How It’s New York: 9/11 mainly invokes New York, although it is important to remember it also hit in New Jerset and D.C. too. But Ground Zero was here. It’s been a sore point recently, with debates over mosques, but the building is going forward. As building always does in New York.
How It’s Irish: Bill Baroni, former New Jersey Senator who took reporter Vincent Murphy on the tour, has dual citizenship– American and Irish.
Tuesday September 6, 2011
At Ground Zero, A New World Trade Center Begins To Take Shape
By Vincent Murphy
On Sunday next, New York will reclaim a patch of land from history.
For ten years, a high perimeter fence has blocked Ground Zero from public view, but now the first piece of the re-imagined World Trade Center is set to be unveiled.
The fences will move, and a permanent 9/11 Memorial Plaza will become a part of Lower Manhattan’s landscape.
In the footprints of where the Twin Towers once stood, two giant reflecting pools have been carved out of the ground.
When water starts cascading down their granite sides next week, they will be the biggest man-made waterfalls on the planet.
Called “Reflecting Absence”, Michael Ared’s design strikes the right tone.
At once, it conveys the scale of what was lost when planes smashed into the iconic buildings a decade ago, and offers a dignified nod to the thousands who died.

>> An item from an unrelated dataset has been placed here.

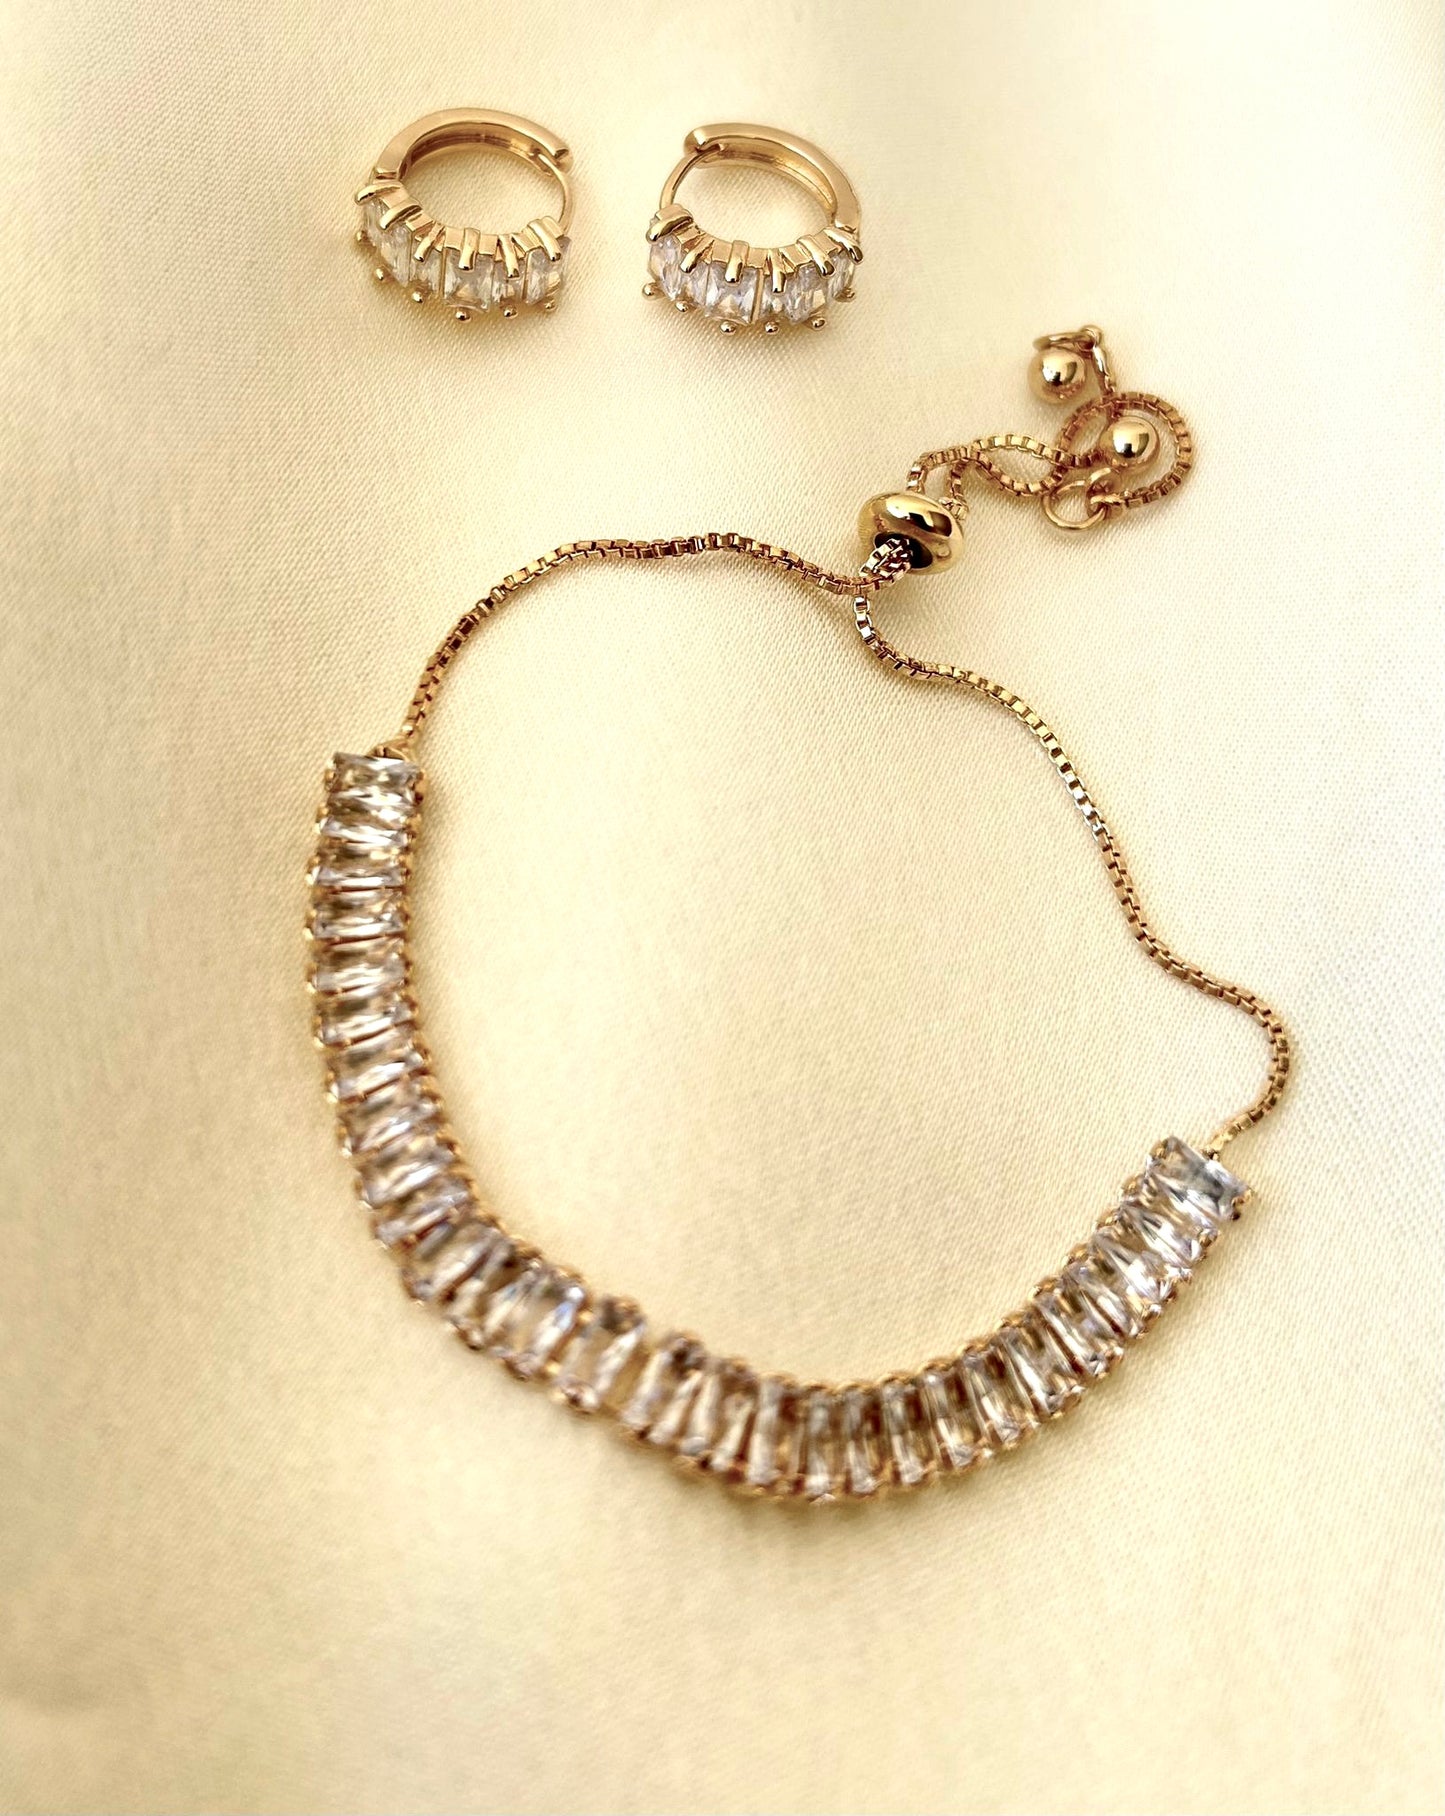 Lyla Bracelet and Earrings Set

Towers will rise around them, and thousands of people will once again call the World Trade Center their workplace.
But not here – not on the exact spot where the old towers stood and so many perished.

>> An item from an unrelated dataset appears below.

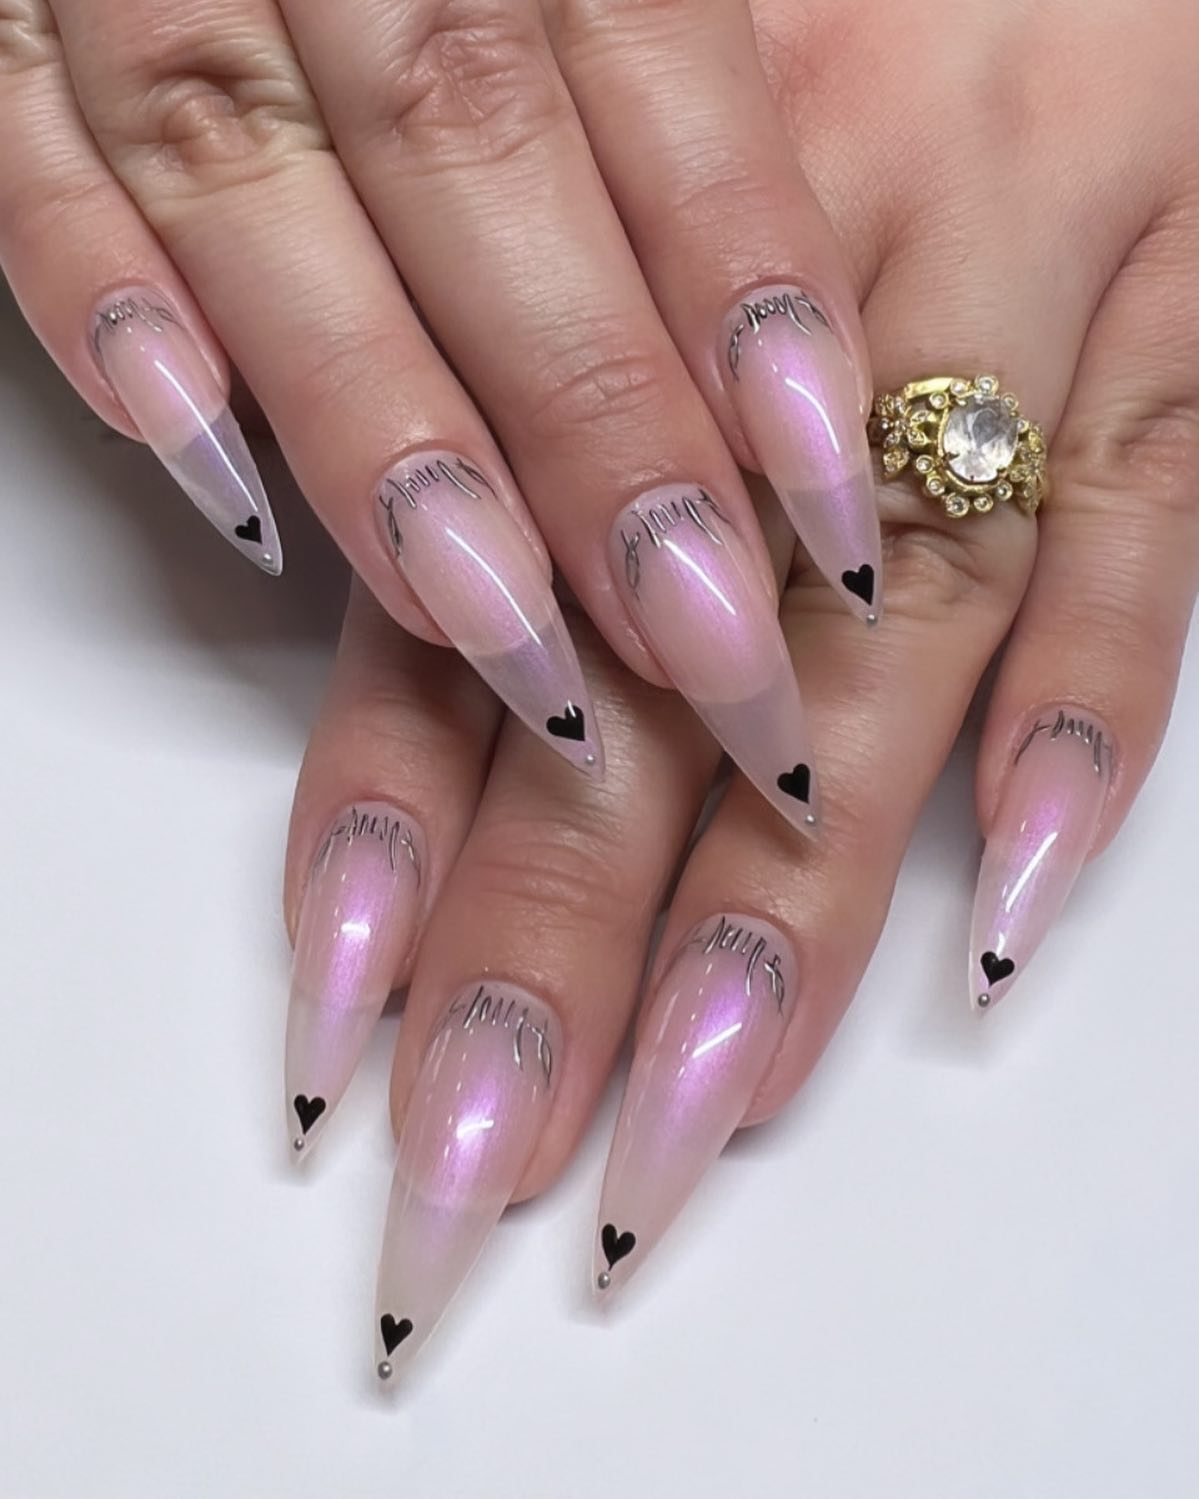 Goth vday nails

Around the edges of the pools, carved in bronze are the names of all the victims of the Nine Eleven attacks – not just those in New York, but in Washington and Pennsylvania too.
“What we hope is that the families who lost so much – husbands, wives, kids – walk out in the Plaza next week, will say that we did our job with dignity, humility and honoring the people we lost,” said Bill Baroni, as he took me on a tour of the site last week.
Baroni is deputy executive director of the Port Authority of New York and New Jersey, which is responsible for the rebuilding effort. The former New Jersey Senator, who holds dual Irish and US citizenship, is keenly aware of how important it is to get the memorial finished in time for the 10th anniversary.